Nella piazza del Quirinale, a Roma, c’è un punto noto agli iniziati fino al XIX secolo, e dal quale, con la luna piena, si vedono muovere lentamente le statue dei Dioscuri che lottano con i loro cavalli impennati.

Ad Amalfi, nel punto in cui finisce la zona costiera, c’è un molo che penetra nel mare e nella notte. Si sente un cane che abbaia al di là dell’ultimo fanale.
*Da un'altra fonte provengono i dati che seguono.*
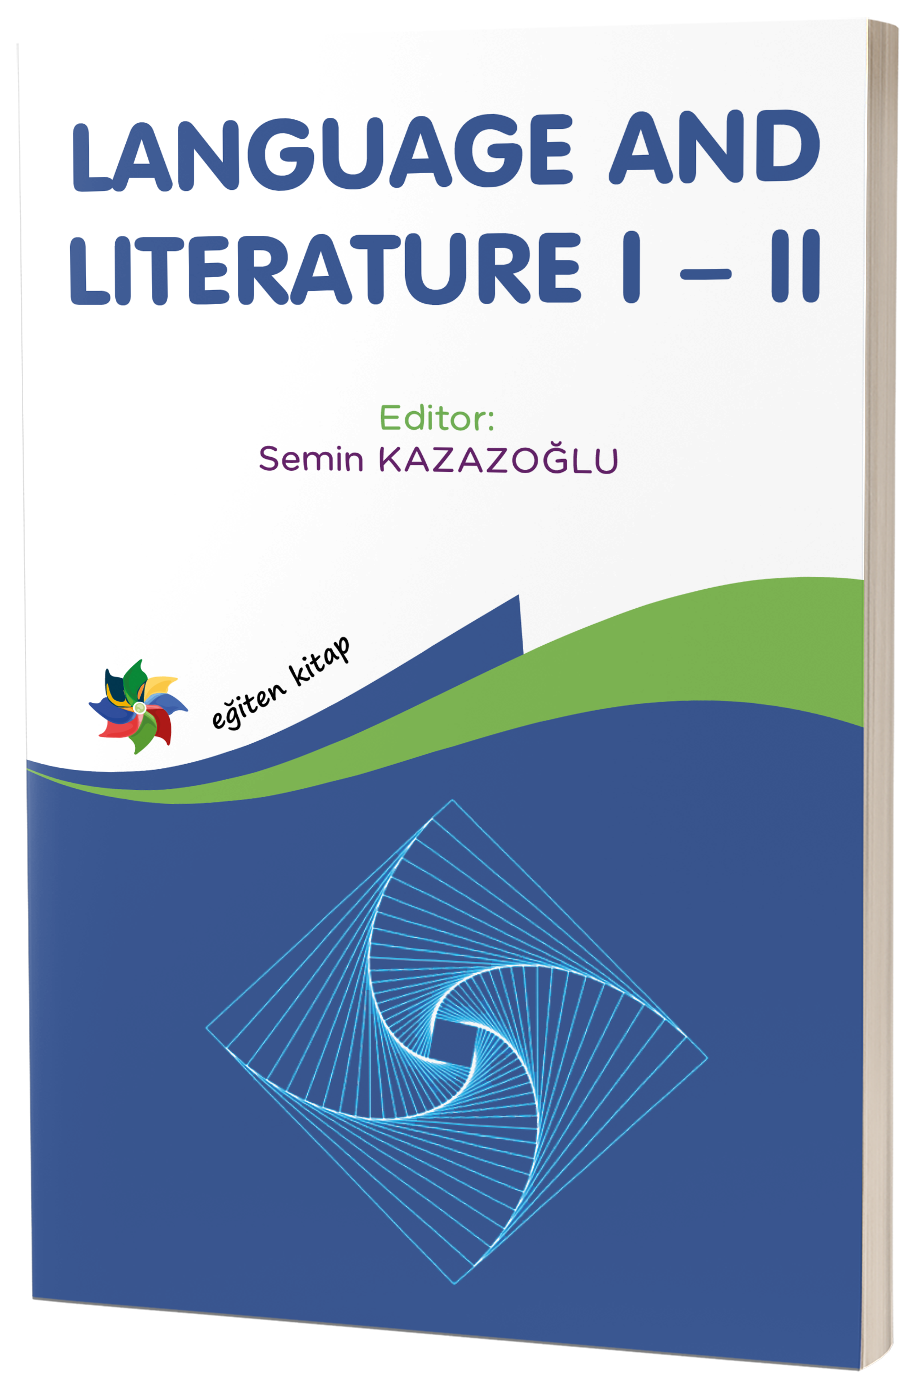 LANGUAGE AND LITERATURE I - II

Un signore sta stendendo il dentifricio sullo spazzolino. Tutto a un tratto vede, coricata sul dorso, una minuscola immagine di donna, di corallo o magari di mollica di pane colorata.

Aprendo l’armadio per prendere una camicia, cade un vecchio calendario che si disfa, si sfoglia, copre i tessuti bianchi con migliaia di sporche farfalle di carta.

Si è venuto a sapere di un commesso viaggiatore al quale cominciò a dolere il polso sinistro, proprio sotto l’orologio. Quando si strappò via l’orologio, il sangue schizzò: la ferita mostrava il segno di denti acuminatissimi.

Il medico sta finendo di visitarci e ci tranquillizza. La sua voce profonda e cordiale precede le medicine la cui ricetta ora scrive, seduto al suo scrittoio. Ogni tanto alza la testa, sorride e ci infonde coraggio. Non è niente, in una settimana tutto tornerà a posto. Ci sistemiamo comodamente nella poltrona, felici, e ci guardiamo distrattamente attorno. Tutto a un tratto, nella penombra sotto lo scrittoio, vediamo le gambe del medico. Si è alzato i pantaloni fino alle cosce, e ha calze da donna.